Democracy In America said:
In the bosom of this obscure democracy, which had as yet brought forth neither generals, nor philosophers, nor authors, a man might stand up in the face of a free people and pronounce the following fine definition of liberty.

"Nor would I have you to mistake in the point of your own liberty. There is a liberty of a corrupt nature which is effected both by men and beasts to do what they list, and this liberty is inconsistent with authority, impatient of all restraint; by this liberty 'sumus omnes deteriores': 'tis the grand enemy of truth and peace, and all the ordinances of God are bent against it. But there is a civil, a moral, a federal liberty which is the proper end and object of authority; it is a liberty for that only which is just and good: for this liberty you are to stand with the hazard of your very lives and whatsoever crosses it is not authority, but a distemper thereof. This liberty is maintained in a way of subjection to authority; and the authority set over you will, in all administrations for your good, be quietly submitted unto by all but such as have a disposition to shake off the yoke and lose their true liberty, by their murmuring at the honor and power of authority."

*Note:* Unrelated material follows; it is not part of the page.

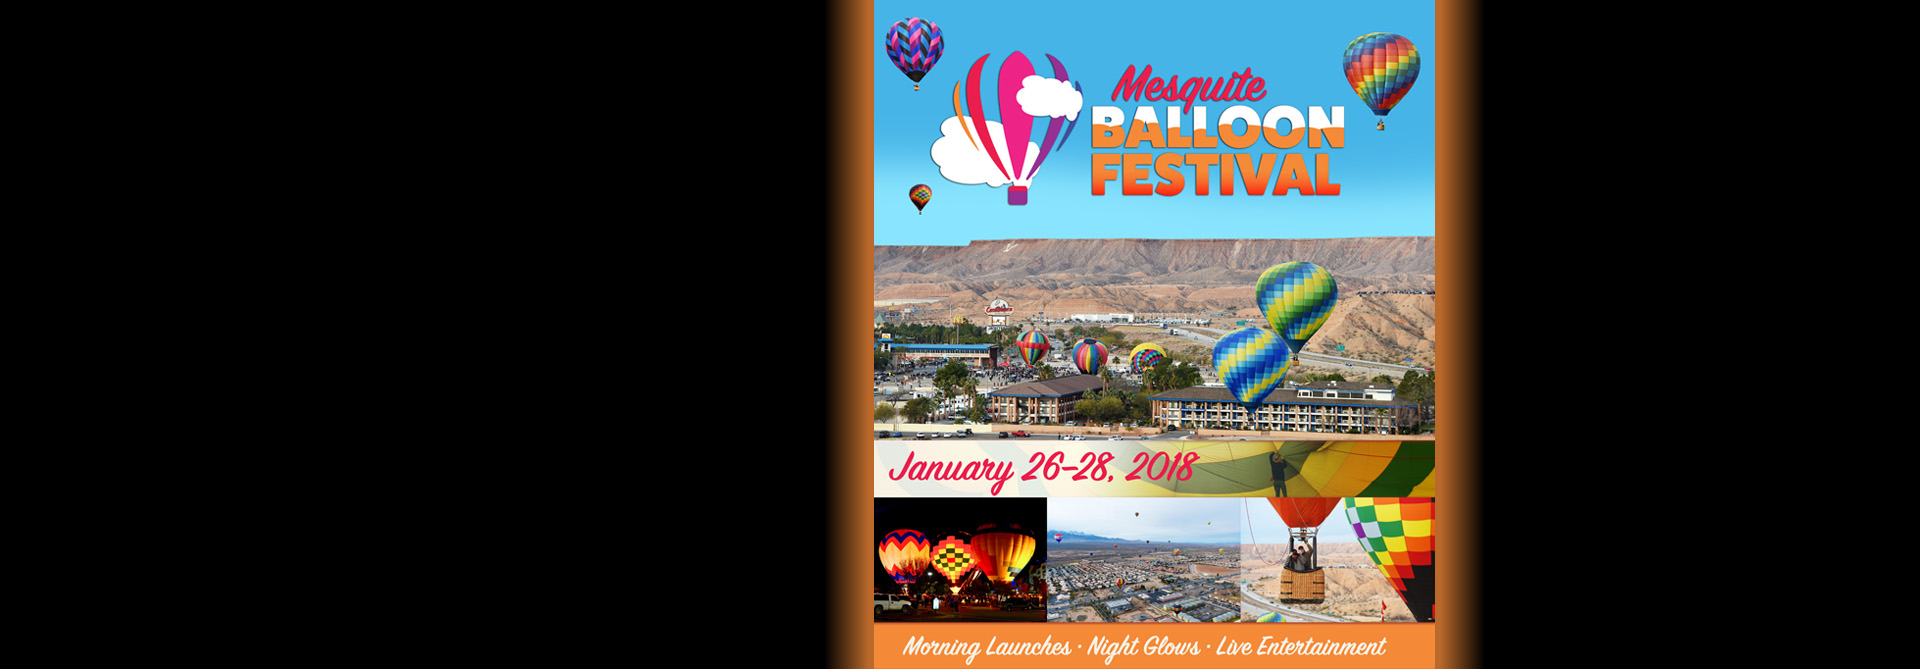 casablanca resort and casino in mesquite nv casablanca resort

de Tocqueville here is quoting an earlier work, Mather's "Magnalia Christi Americana," which was published in 1702. de Tocqueville further expounded on this a few paragraphs later:

These two tendencies, apparently so discrepant, are far from conflicting; they advance together, and mutually support each other. Religion perceives that civil liberty affords a noble exercise to the faculties of man, and that the political world is a field prepared by the Creator for the efforts of the intelligence. Contented with the freedom and the power which it enjoys in its own sphere, and with the place which it occupies, the empire of religion is never more surely established than when it reigns in the hearts of men unsupported by aught beside its native strength. Religion is no less the companion of liberty in all its battles and its triumphs; the cradle of its infancy, and the divine source of its claims. The safeguard of morality is religion, and morality is the best security of law and the surest pledge of freedom.

I do not deny that the traditional understanding is out of step with the modern worlds, the modern world has adopted, as Mather put it "a liberty of a corrupt nature which is effected both by men and beasts to do what they list", but to say that the traditional understanding was not common, nor understood by others besides that you dismissively label as "tradcon" is an utter falsity.
 

Agent23

Ни шагу назад!
Is it just me or does anybody genuinely give a damn about Liberty for its own sake anymore instead of using it as a platform for further advancement into authoritarianism of whatever flavor desired be it right or left with the only excuse for it being to stop one or the other?

Your thoughts?
Late stage decadent empire where the dumbed down, obese masses do not give a damn about abstracts or long term thinking and where the few thdt still think are so marginalized and demoralized that they are increasingly stopping to give a fuck, checking out of society or eagerly awaiting their preferred form of apocalypse which will will usher their preferred radical ideology into power, with the whole thing being run by an increasingly out of touch, senile, corrupt and power grabbing elite made up of hereditary idiots living in an ivory tower.
And a state that is increasingly run by the crony capitalists for the crony capitalists and is quickly growing bankrupt.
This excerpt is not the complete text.